Stone Hearts
Rebecca Urrutia
December 16, 2009
Filed under Spirituality, Student Life, Top Stories
With every breath you take, the scarlet heart within you pumps red liquid life. It throbs unceasingly, day and night, bringing oxygen to the life found within its secret chambers. Everything seems to be working perfectly until a poison stealthily seeps in. Unexpectedly and unnoticed, it trickles through and slowly begins to sink in to the deepest caverns of your crimson heart. The walls begin to harden steadily and the red life begins to crystallize. Before you know it, your heart has turned into stone—lifeless, trapped and without hope.
Some of us have been going to church since the day we first learned how to walk. And ever since then it has been Sunday school lessons, VBS summer camps, memory verses and worship songs on a weekly basis. We started out with a childlike faith and a sincere hunger for God’s word—but where are we now? Over time, it seems like phrases have become cliché, words have lost their meaning, and prayers have simply become a routine. Slowly but surely, our hearts have turned to stone—without breath, without life, without passion.
When did the crucifixion stop moving us to tears? When did we turn our faces to the Holy Spirit’s conviction of sin in our lives? Our hearts have become so incredibly calloused and our ears have grown deaf to the sound of God’s voice. Like the song “Everything” by Lifehouse says, “How can I stand here with you and not be moved by you?”
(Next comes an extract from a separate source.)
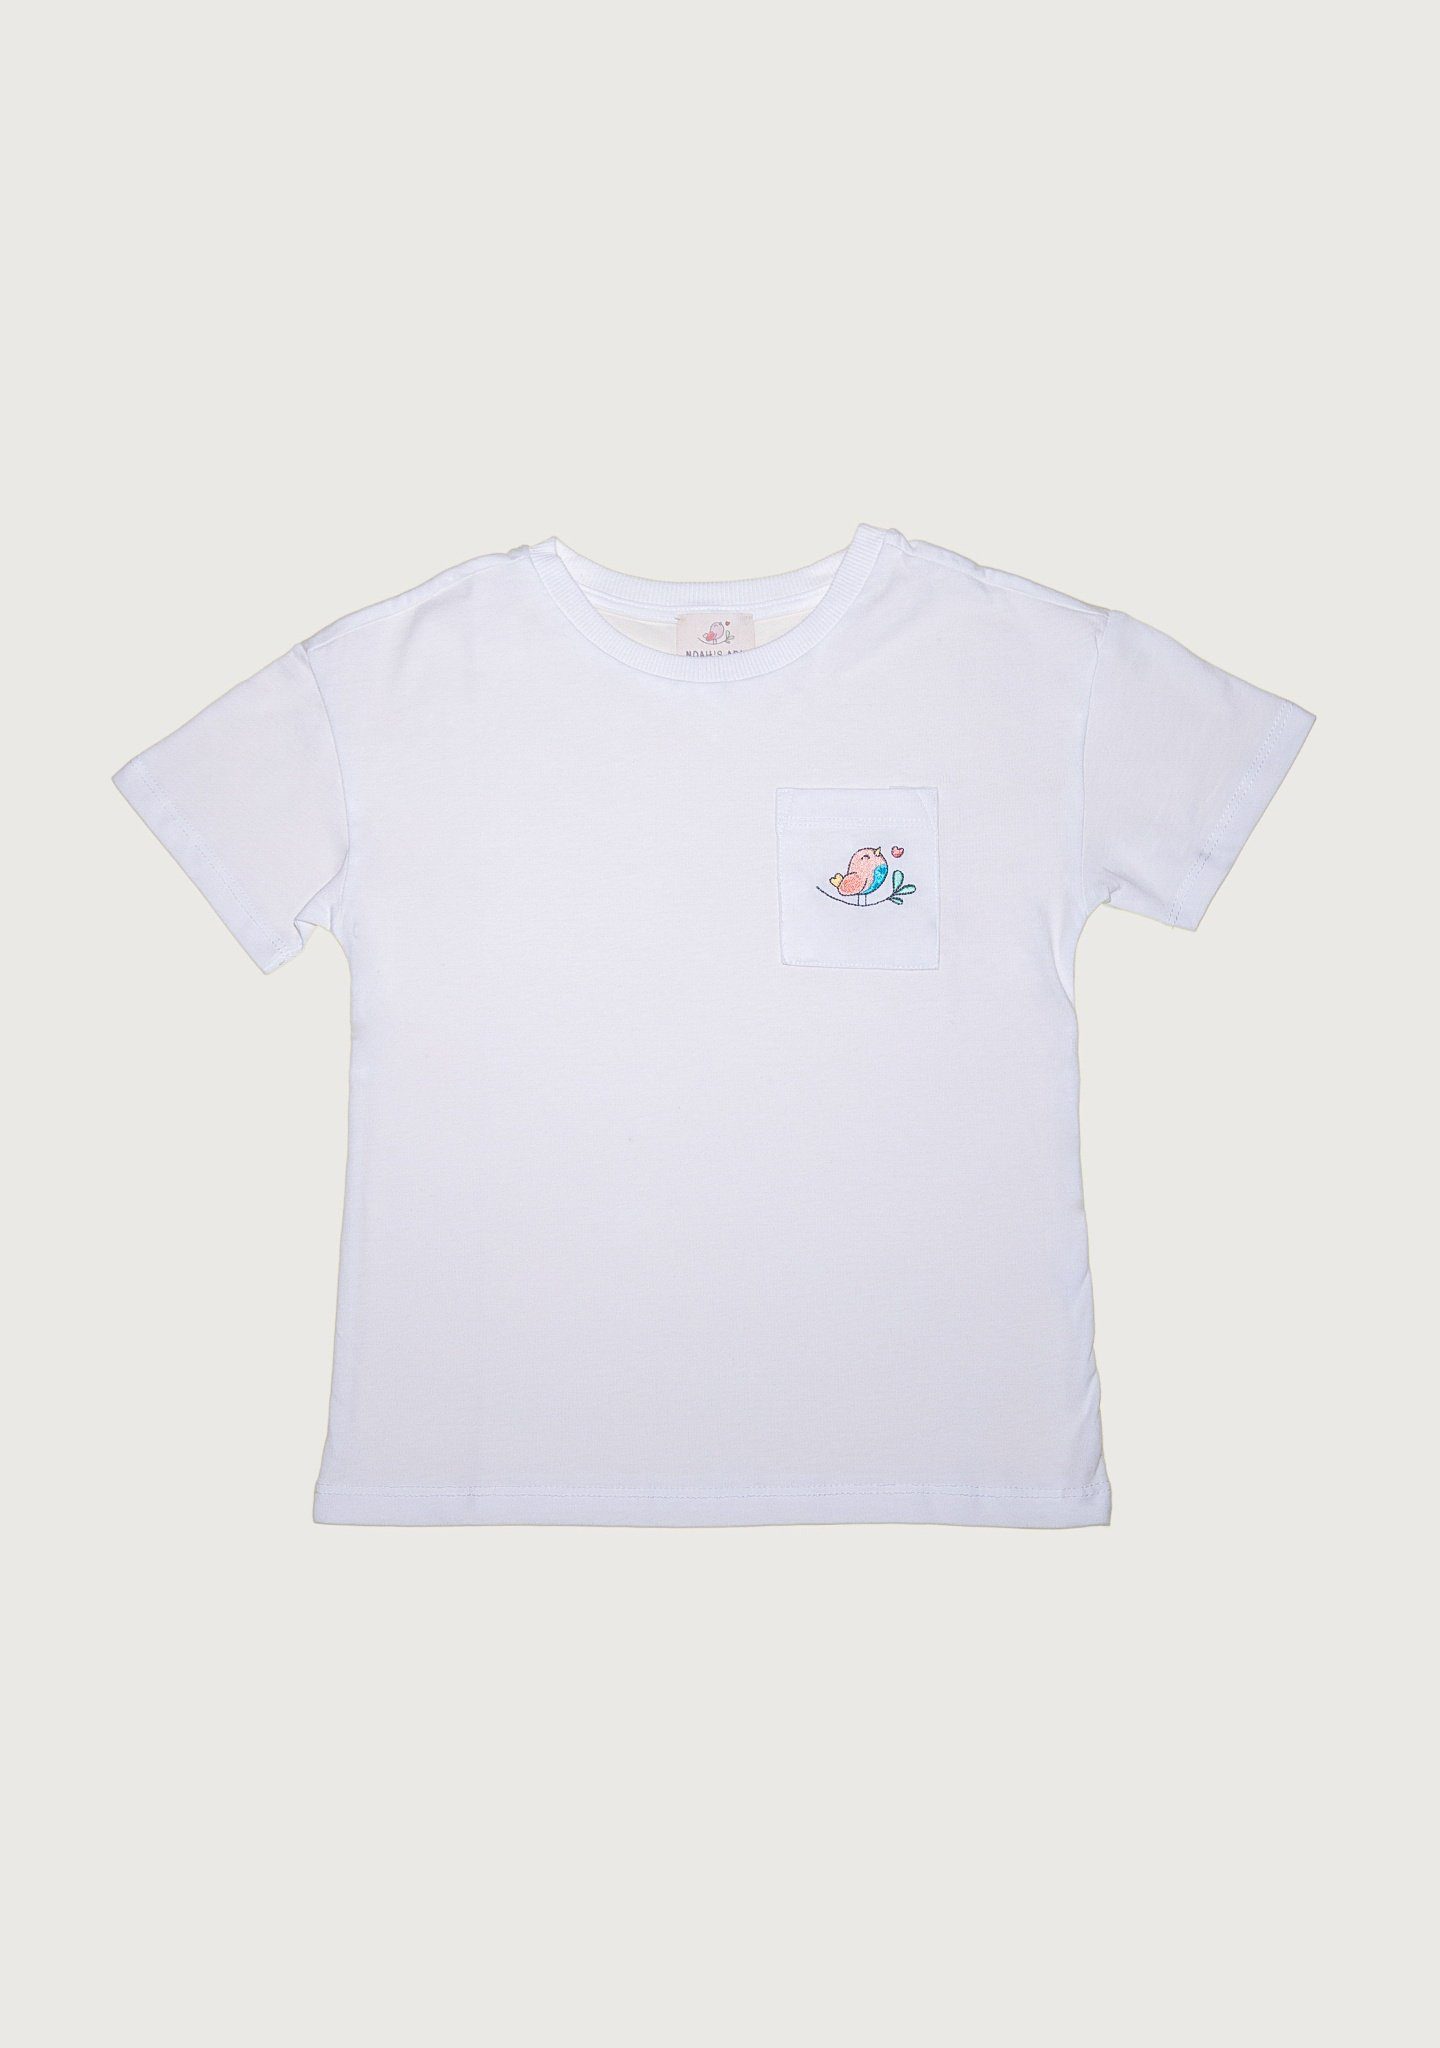 Ecru mit Rundhalsausschnitt, in Baumwolle Noah's aus Unifarbe, unisex Kinder Shirt Brusttasche T-Shirt für aus Ark Baumwolle, mit

Yes, maybe we are reading our Bibles and doing our devotions everyday…but we lack passion and love. These things have simply become chores on our “Christian-to-do list,” and sometimes they seem more like duties than privileges.
CCA’s Youth Pastor Topher Harrison reminded me of Jesus and the Pharisees, when he boldly called them “white-washed tombs.” Pastor Topher said, “We have all these rituals to keep us clean on the outside, and although we know the Word, we are still dirty. We need to ask God to restore to us the joy of our salvation!”
May God have mercy on us! Like God said to the prophet Ezekiel, “I will give you a new heart and put a new spirit in you; I will remove from you your heart of stone and give you a heart of flesh. And I will put my Spirit in you. . .” Let that be our fervent prayer! We need to sincerely cry out to God, fall on our knees before Him and ask Him to show us if we have hardened hearts! We need to beg Him to change us and give us hearts of flesh and set us free from our lifestyles that are based on routine and performance. If we genuinely desire to break free, He will be faithful to hear our cry and remove these chains from our stone hearts.